The Partial Reinforcement Effect

        A final basic phenomenon we will discuss in this section involves the partial reinforcement effect. Skinner and his colleagues studied various aspects of reinforcement-based learning under what they claimed were 'real-world' conditions. Specifically, they asked what would happen to learning when reinforcers appeared on only some trials. The findings were quite interesting. Namely, with partial reinforcements, there was greater resistance to extinction.

        We will look at partial reinforcement in more detail in a later chapter. For now, let me mention that a number of variables interact with partial reinforcement. In particular, amount of reinforcement will prove to play a pivotal role. In studies such as those conducted by Roberts, we find that animals that have been continuously reinforced will display increased resistance to extinction with small reinforcers. Roberts looked at extinction of alleyway running in rats whose reinforcers ranged from 1 to 25 food pellets. Over 36 extinction trials, there was little evidence of a change in the 1-pellet group, whereas the 25-pellet group was performing at well less than half their rate prior to extinction. However, this effect appears to depend on how much training an animal has had during the acquisition phase; it assumes a fairly substantial amount of acquisition (see D'Amato). In contrast, animals that have been partially reinforced will display increased resistance with large reinforcers (see, for example, Ratliff and Ratliff). The first result, in particular, strikes many people as counterintuitive on first coming across it. After all, shouldn't large reinforcers result in better learning, and shouldn't better learning be longer-lasting learning?

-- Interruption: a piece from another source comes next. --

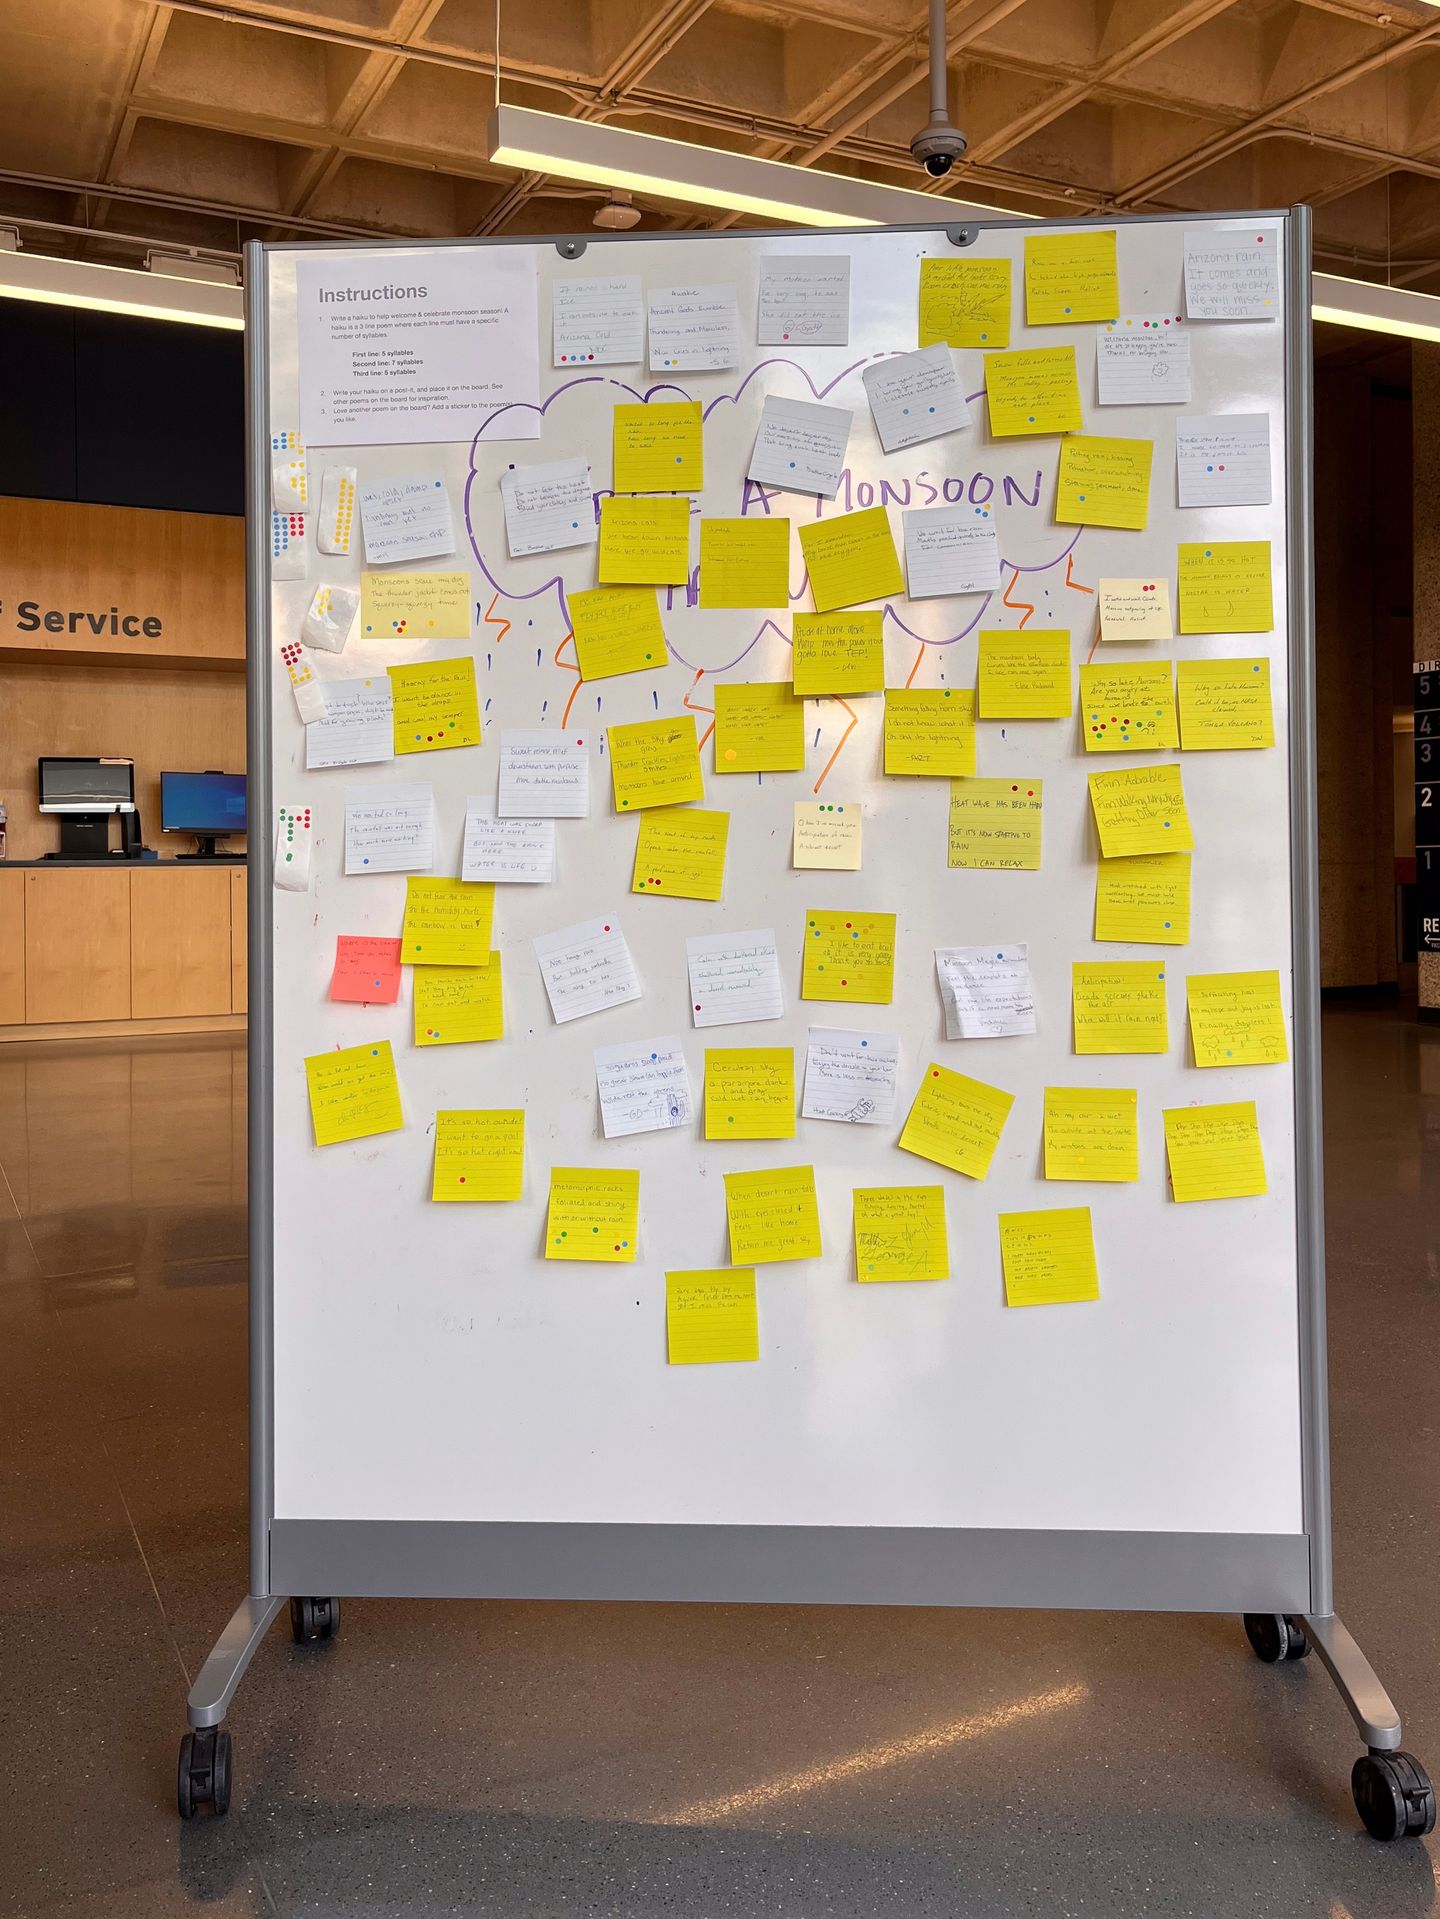 A whiteboard in an open space covered by white and yellow sticky notes

        There are in fact a number of explanations for the partial reinforcement effect. For the moment, however, I will mention one to help you remember the results. This is Amsel's Frustration Hypothesis, cited in the first chapter. According to Amsel, continuously reinforced animals will experience more frustration when they lose a large reinforcer. And since frustration acts as an aversive stimulus, these animals will avoid whatever it is that is causing the frustration. So, with more frustration, there is faster learning of avoidance. But in contrast, animals in partial reinforcement are being trained to tolerate frustration. With larger reinforcers, they are trained specifically to handle greater and greater frustration. Thus, when they are placed in the highly frustrating situation of extinction (in which the expected reward fails to materialize), they will be better able to adapt to this situation.

        Number of trials during acquisition also has different effects for continuously and partially reinforced groups. For continuously reinforced groups, more training results in lesser resistance, whereas for partially reinforced groups, more training results in greater resistance. The increased training in partially reinforced groups translates into better training to tolerate frustration, but the increased training in continuously reinforced groups translates into higher expectation of a reward (and thus, a ruder awakening when it is no longer there).

        In short, extinction is frustrating, because expected rewards don't occur. How much resistance to extinction you will have will thus depend partly on how much frustration you experience during extinction, and on how much frustration you have been trained to tolerate during acquisition. The amount of frustration experienced during extinction depends on the size of the reinforcer you expected. (Not getting an expected $50 is a lot more frustrating than not getting an expected $1.) In addition, continuously reinforced animals have not been trained to tolerate any frustration whatsoever.
 

C. Some Basic Paradigms

        We have already introduced two general paradigms involving acquisition and extinction. In acquisition, an outcome is typically paired with making a response in the presence of a stimulus; in extinction, that pairing typically ceases. Within this broad framework (particularly with respect to acquisition), we may distinguish several additional paradigms.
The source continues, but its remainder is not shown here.